Finally I automated the stuff so that all this would be done automatically when booting:

- I added the three modules to /etc/modules.autoload.d/kernel-2.6

- I linked net.ath0 to net.eth0, just like mrpdaemon did in his post above

- I installed and configured Uberlord's wireless configuration as explained here: https://forums.gentoo.org/viewtopic.php?t=122435

That's all there is to it. Good luck!

R.

(PS: again, you could have continued in your previous topic instead of starting a new one. It's only by accident that I stumbled on this topic; if you had continued your previous thread, I would've seen it much sooner.)

----------

## zigx

when i lspci (as quoted above) i get a bunch of numerical data back..

Is there any way to change this?

is doesnt happen when i boot form live CD.

btw, rafje thanks so much for responding i will try it out as soon as i get home from work.

----------

## Rafje

 *zigx wrote:*   

> when i lspci (as quoted above) i get a bunch of numerical data back..
> 
> Is there any way to change this?

 

Erm... judging from the lspci man page I'd try lspci -v or lspci -vv.

Man is your friend.

R.

----------

## zigx

hmm... i am still having problems getting this to work.  

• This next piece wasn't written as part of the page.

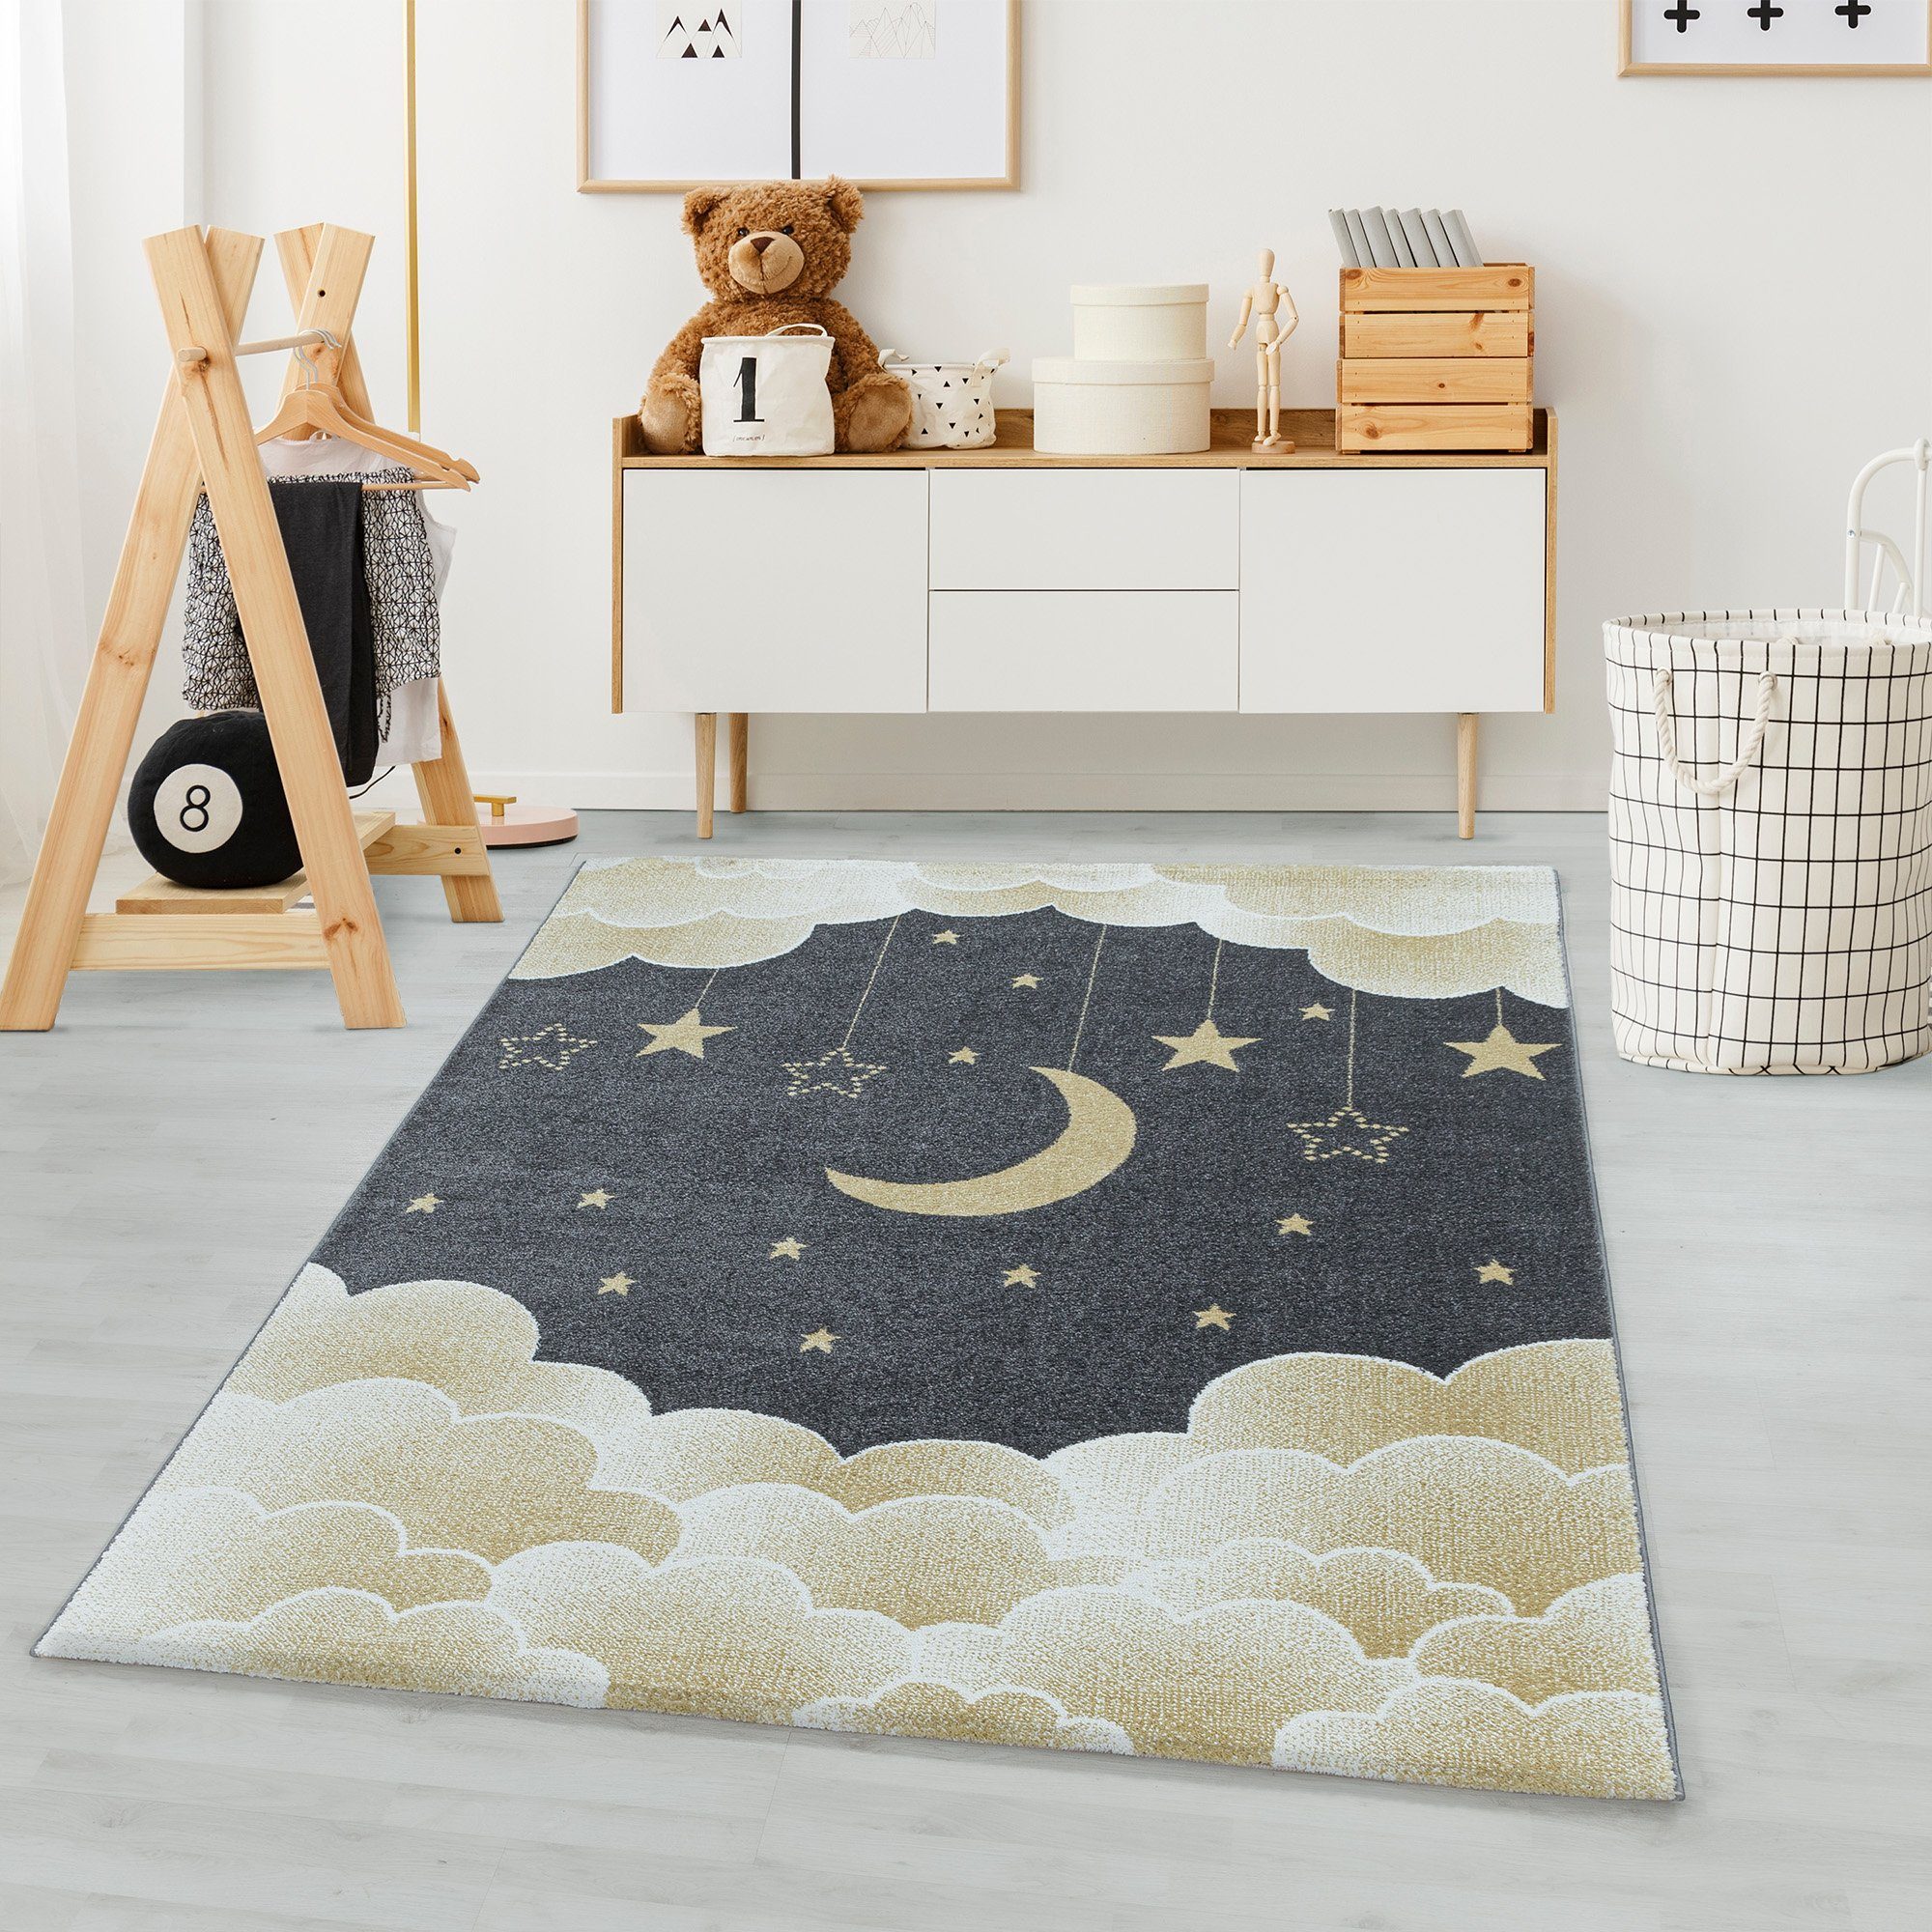 Kinderteppich Mond- und Sterne Design, Carpetsale24, Läufer, Höhe: 11 mm, Teppich Kinderzimmer Mond- und Sterne Design Pflegeleicht

How should my kernel be configured?

----------

## Rafje

 *zigx wrote:*   

> How should my kernel be configured?

 

That is also explained in the topic I pointed you to earlier: https://forums.gentoo.org/viewtopic.php?t=122435

R.

----------

## zigx

 *Rafje wrote:*   

>  *zigx wrote:*   How should my kernel be configured? 
> 
> That is also explained in the topic I pointed you to earlier: https://forums.gentoo.org/viewtopic.php?t=122435
> 
> R.

 

Ok i was just checking.  my kernel is configed with these options already:

CONFIG_NET_RADIO=y

CONFIG_NET_WIRELESS=y

so im not sure what the problem is now, because when i try to follow the steps you presented, i get the exact same error i posted prior to this post when executing:

modprobe ath_pci 

I have another thread going for getting lspci to show words/names rather than numbers so maybe once that is fixed i will be able to troubleshoot this better.

----------

## psychometmx

Well I had the same problem but I resolve this problem with this I hope resolve your problem too

#ACCEPT_KEYWORDS="~x86" emerge madwifi-driver (reboot just to be safe (that's what I did))

#emerge hotplug && rc-update add hotplug default && /etc/init.d/hotplug start

#emerge wireless-tools

#modprobe ath_hal

#modprobe wlan

#modprobe ath_pci

Then try to start your net.ath0

----------

## zigx

 *psychometmx wrote:*   

> Well I had the same problem but I resolve this problem with this I hope resolve your problem too
> 
> #ACCEPT_KEYWORDS="~x86" emerge madwifi-driver (reboot just to be safe (that's what I did))
> 
> #emerge hotplug && rc-update add hotplug default && /etc/init.d/hotplug start
> ...

 

Thank you for the reply man!

Im sorry for the stupid questions, but how do i try to start net.ath0 after i do the above steps?

----------